丁絮不记得自己是什么时候睡过去的。
酒精带来的愉悦感令身体更加敏感,丁絮几乎是被淹没在简轻言带着热气的轻声言语中,自己的声音也软得沙哑下来。
他喝醉了好像是断片的,从床上坐起来的时候,只剩下满心的茫然。
昨晚到底和简轻言做了什么?
估计是亲密了一些,但身体没有特别酸痛,看来简轻言还是控制了力道,没有在情欲中丧失理智。
昨晚实在太疲惫,丁絮看了眼电子表,屏幕上显示的睡眠时间是十一个小时。
睡神啊。他感叹一声,顶着乱蓬蓬的头发,踩着拖鞋哒哒哒出来。简轻言果然在客厅,只穿了件宽松的背心,正慵懒地靠在沙发上打电话。看见丁絮,他微微笑了下。
丁絮扑在沙发上,拖鞋在晃晃悠悠中掉下,他挑了个舒服的姿势,随意地将脑袋靠在简轻言肩头,没有出声。
“嗯,以后都住在栖桦,过段时间可能会找个工作。”
丁絮不由自主地抬头看向他。
简玉的声音从电话中传来:“难得啊,居然主动找事情干了。”
“总要找点事情干的。”
他撂下电话的下一秒钟,丁絮就抬眼盯着他,神情严肃:“简律,你老实告诉我,家里是不是出了什么困难。”
简轻言:?
“是什么困难让你准备去找工作?”
丁絮绷着一张脸,反倒引得简轻言没忍住笑出了声。他伸出手,揉了揉丁絮乱七八糟的头发。
“丁老师,来想象一下,你上了一天班回来累得不行,结果打开门,看到男朋友在家里无所事事,心里会怎么想?”
“我会想让你也去体验一下当老师的痛苦。”丁絮毫不犹豫地说。
说完这句,他顿时理解了简轻言的用意,倒在沙发上笑得不行。
“简律,你真不用这样,毕竟现在是你养我,我直接辞职都是可以的。”丁絮说。
丁絮从上大学就开始做家教,私底下攒了不少钱,加上自己又很少花钱,这么多年下来,自己的财产情况要比同龄人好很多。
他不是很在乎钱,自己能好好生活下去就够了,所以才会不管不顾地离开南方去支教。
“我不希望你为了让我心里平衡去做自己不愿意做的事。”丁絮坐起身,面对着简轻言,神色认真,“简律,伴侣虽然可能因为你半夜玩电脑发火,但是绝对不会嫉妒你过得太爽了。”
他语速放慢,想让简轻言认认真真地听清楚自己说过的每一个字:“但我确实想让你去体验一下当老师的痛苦。”
这回笑得停不下来的换成了简轻言。
他确实是考虑到了丁老师的心情,不过更多也是因为有了伴侣,不像再和以前一样毫无打算地生活。丁老师是个将自己的人生安排得很好的人,知道自己走到了哪一步,要做什么,也能很好地打理自己的生活。

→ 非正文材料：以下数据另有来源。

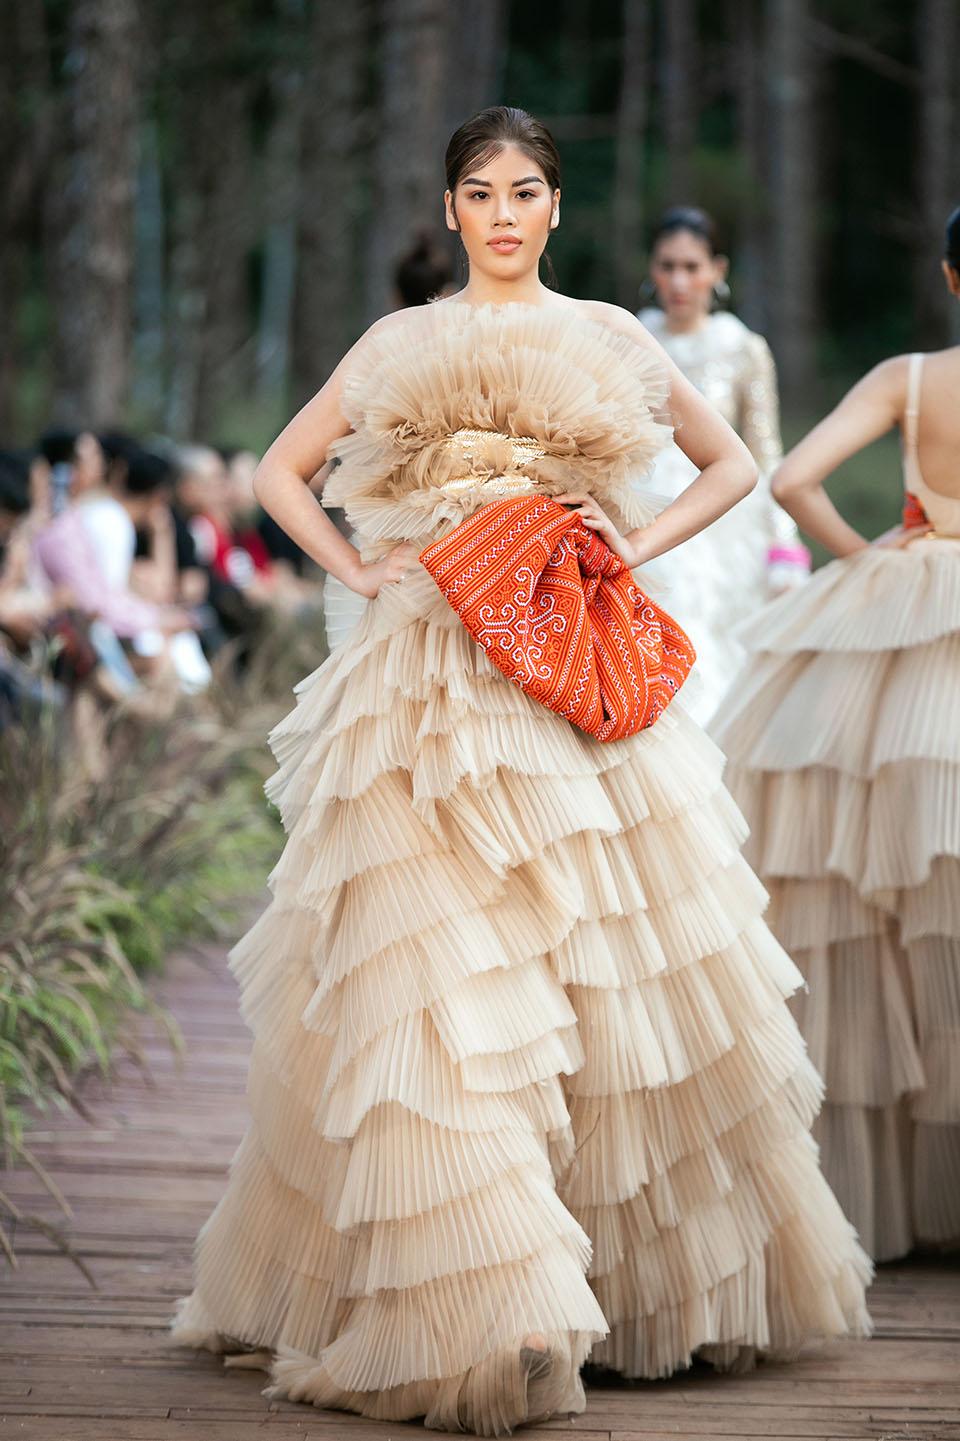 Hoàng Thuỳ làm vedette cho Lý Quí Khánh trong show diễn giữa rừng - 10

和这样的人在一起,他也想要开始考虑自己的人生该是什么样,今后的日子要做什么。
以后还没有完全考虑好,但这一刻的打算是吻丁老师。
临近九月份,丁絮接到了通知,说下学期带新一届初一。
丁老师摸着心口松了口气。
还好不是毕业班。在溪村中学的那两个学期,丁絮深切体会到了毕业班老师的忙碌程度,这辈子都不想再体会一次了。如果非要体会,等晚几年自己好了伤疤忘了疼再去重温也不迟。
张语阑发来消息,说自己被市里的高中录取,是个私立高中。和大城市不同,小县城一般都是私立高中比较优秀,据说今年高考出了好几个985,他找出了辰青一中今年的喜报,第一名是个叫温随的,六百七十多分。
他还抱怨说一中的分班考超级无敌难,自己拼尽全力,也只分到了次重点。
按理来说,次重点对于张语阑这个水平的学生已经算得上很不错了,但是他选的是文科,人少,竞争更小,这个次重点的含金量就没那么大。
乔青选的是理科,和他考了差不多的分数,被分到了平行班。
刘校说,丁老师和简老师的宿舍已经被收拾好了,现在是放卷子的地方。这时候溪村中学已经开学两天,房间里到处是学生的暑假作业。他随手翻了一页,发现其中一本一字未动,甚至连名字都没写。